A comédia de costume, como viria a ser chamada, versava sobre os hábitos da época, satirizando alguns pontos frágeis da nossa cultura em formação. O século XIX, no Brasil, foi um período de muitas transformações relativas à política, a questões sociais e culturais, até mesmo relacionadas à estruturação física das capitais. Foi o momento da conquista da independência, abolição da escravidão, consolidação de um regime democrático, e a comédia foi para muitos uma maneira de comentar os aspectos sociais abalados por estas mudanças. A comédia tinha mais liberdade do que o drama para abordar assuntos diversos, favorecida pelo tom jocoso e despretensioso. Além disso, e assim como os melodramas, eram preferidas pelo grande público e se desenvolveram de modo mais constante no nosso país.

Melodramas e comédias foram os gêneros dramáticos mais apreciados por grande parte da população brasileira do período e fundaram alguns dos princípios da arte representativa nacional. Podemos dizer que não era algo novo e totalmente desconhecido da população, pois neste período também começaram a chegar os circos europeus. Antes disso havia alguns artistas que apresentavam números de variedades, superação humana e pantomimas em feiras e festas populares. Herdeiros da commedia dell’arte, apresentavam um espetáculo variado, em que habilidades humanas eram testadas e havia o momento da encenação de histórias,

A commedia dell’arte italiana girava em torno de figuras cômicas e havia sempre um casal de namorados, que dialogavam com o gosto posterior pelo melodrama e por histórias cujos conflitos giram em torno da dupla. Na origem desta manifestação artística utilizavam-se máscaras, porém no circo, anos depois, os tipos serão caracterizados sem esse adereço, salvo pela pequena máscara do palhaço, com seu nariz vermelho. A interpretação dos atores circenses é bastante estilizada e esquemática, remontando a esta origem popular europeia.

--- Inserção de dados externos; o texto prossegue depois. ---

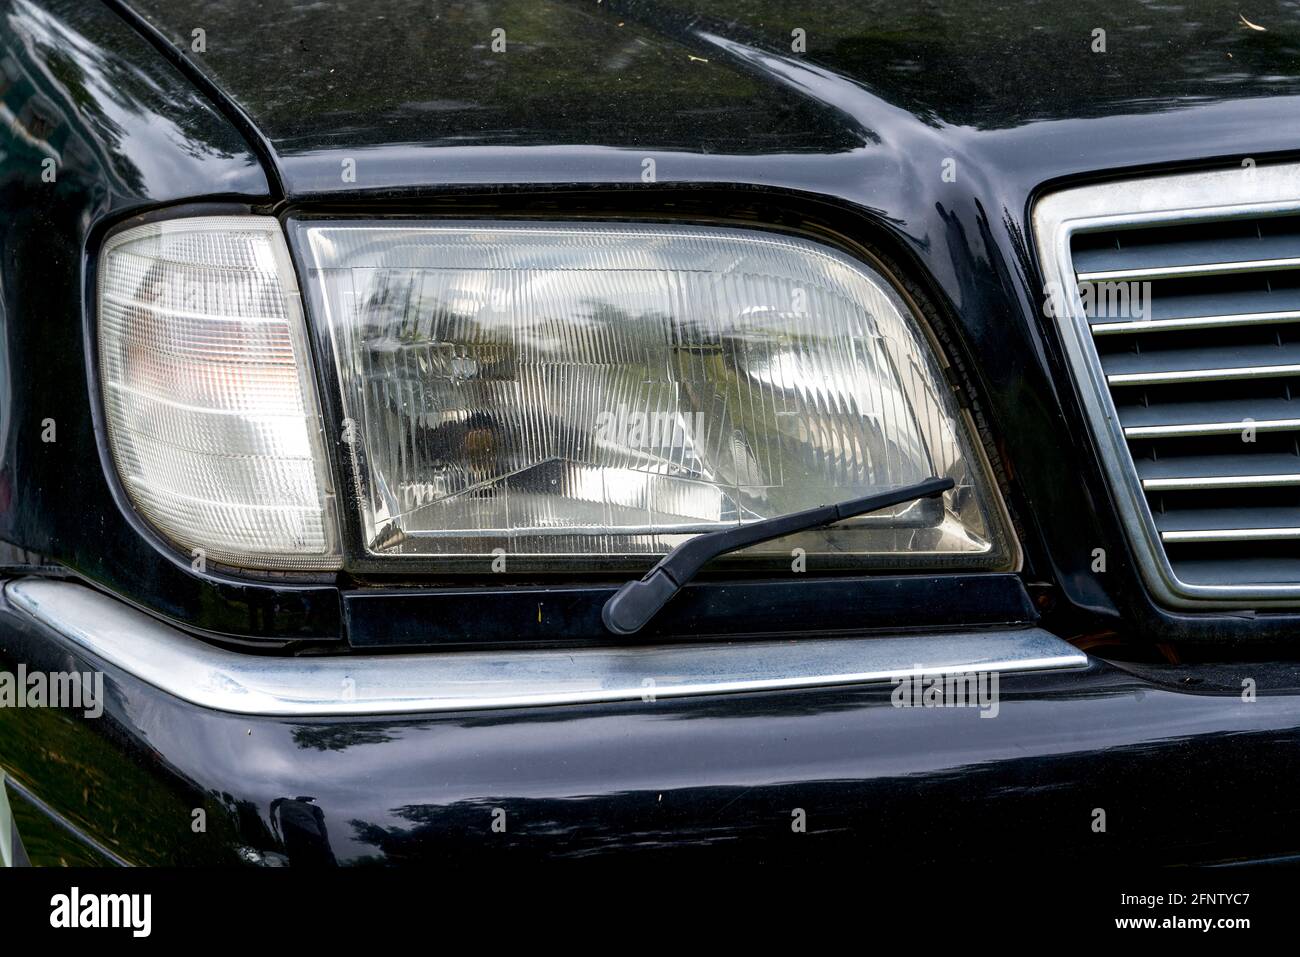 Nahaufnahme der Scheinwerfer mit Scheibenwischern von alten Autos  Stockfotografie - Alamy
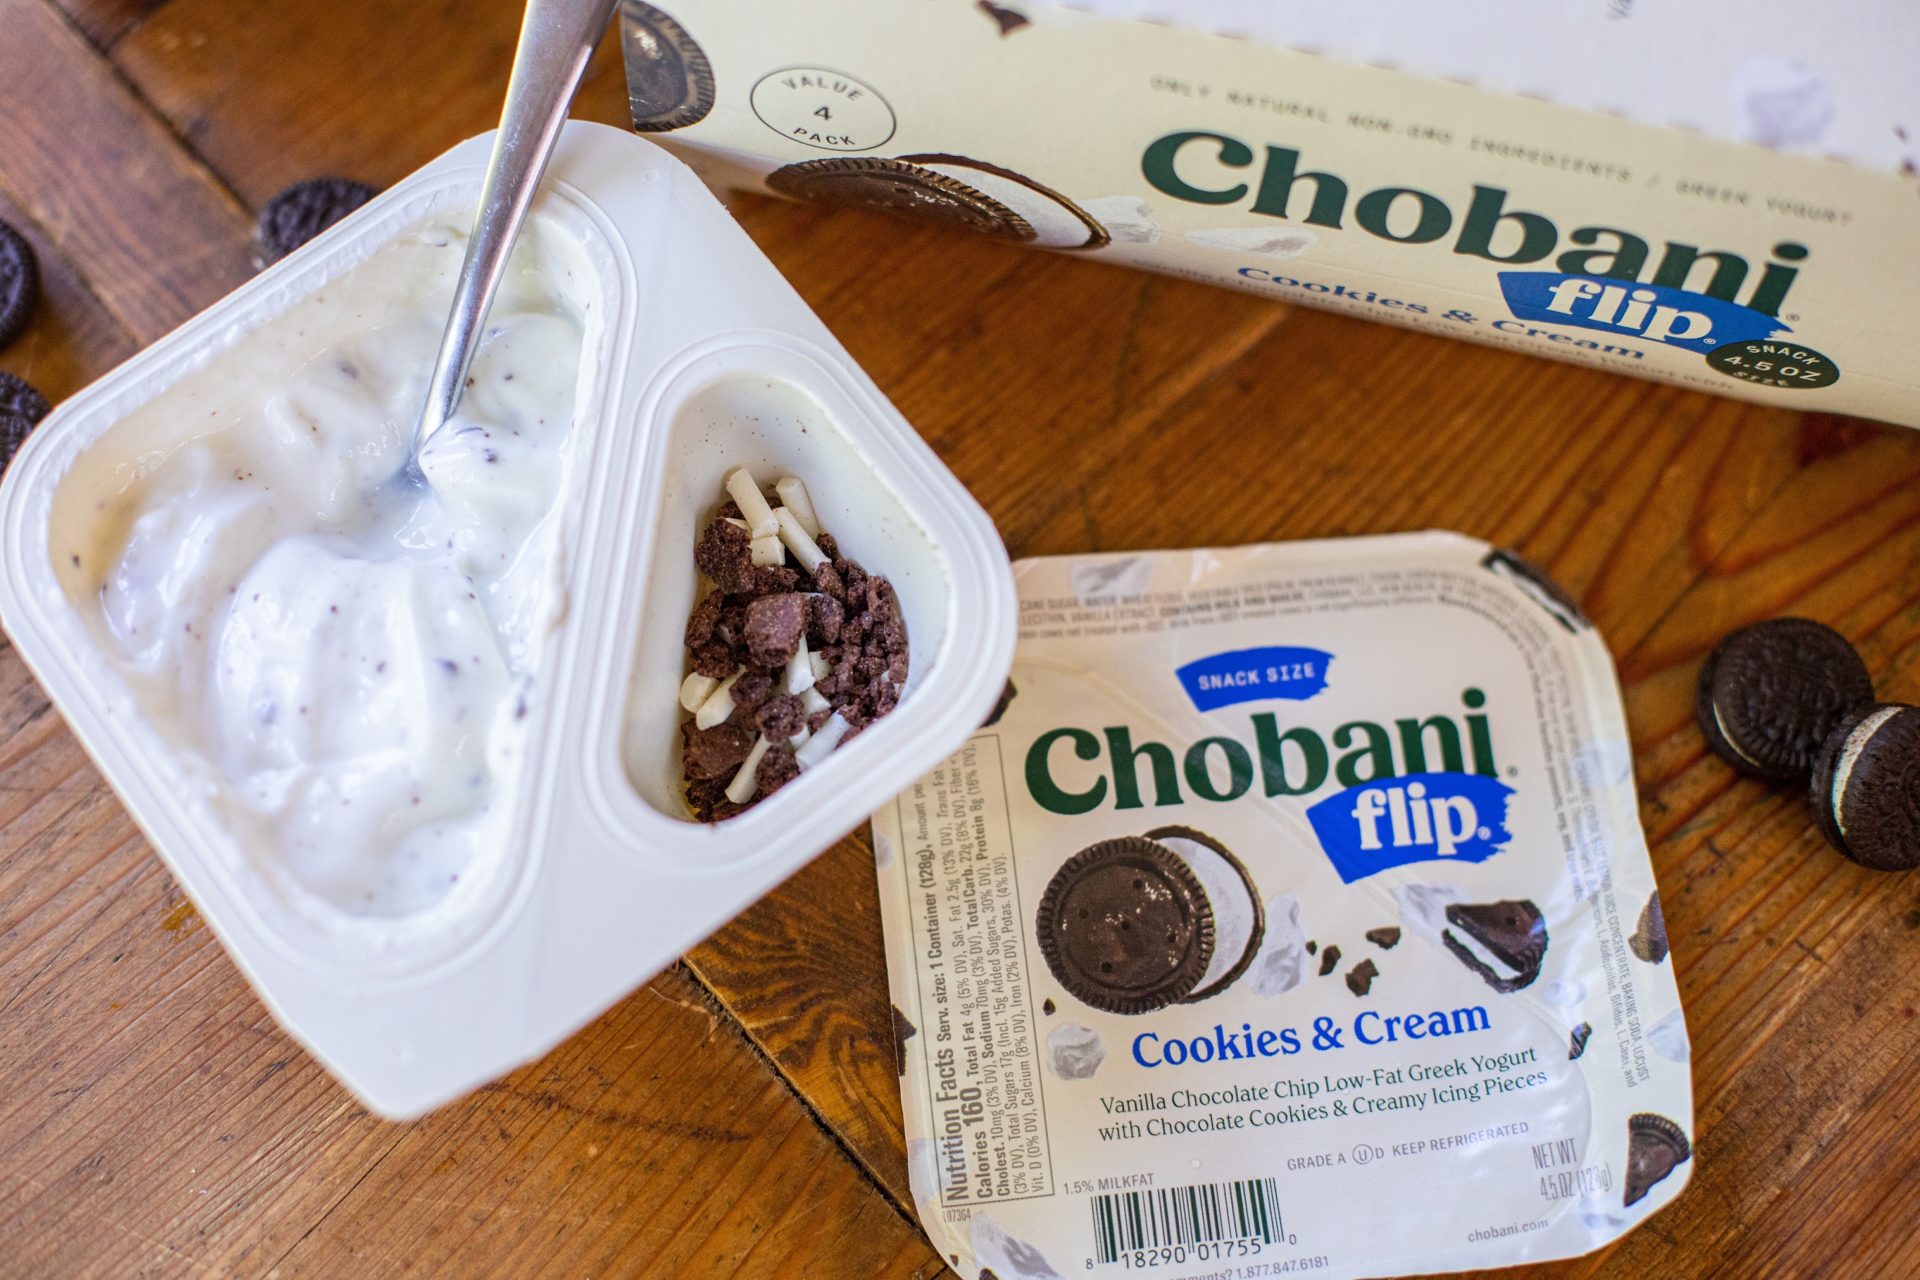 Chobani Flip Yogurt As Low As 88¢ At Kroger

Fernando Neves8, em entrevista concedida à dissertação de mestrado de Fernanda Jannuzzelli, comenta sobre as “máscaras” criadas para o circo, cuja origem remonta à commedia dell’arte italiana. Apesar de não ser inventada a partir de um objeto, Neves comenta que a “máscara” circense seria formada a partir da maquiagem, dos adereços e figurinos para caracterizar determinado tipo. Os circenses, além de recriá-las à sua maneira, acabavam adaptando para a realidade de cada país, transformando de acordo com os tipos locais. Como um exemplo, Fernando menciona a do negro criada no Brasil: o rosto pintado, a peruca, utilização de luva e meias pretas. Este figurino era padrão de um circo para outro, realizava uma identificação imediata com o tipo representado, e por isso Neves o chama de “máscara”.

Os melodramas e comédias, representados nos teatros brasileiros do começo do século XIX, bem como os saltimbancos influenciaram sobremaneira a construção do espetáculo circense do final do século XIX e começo do XX. O circo-teatro utilizará esta dramaturgia, que já estava próxima da população brasileira, para construir suas histórias e apresentações, visando dialogar com os interesses e o gosto de seu público.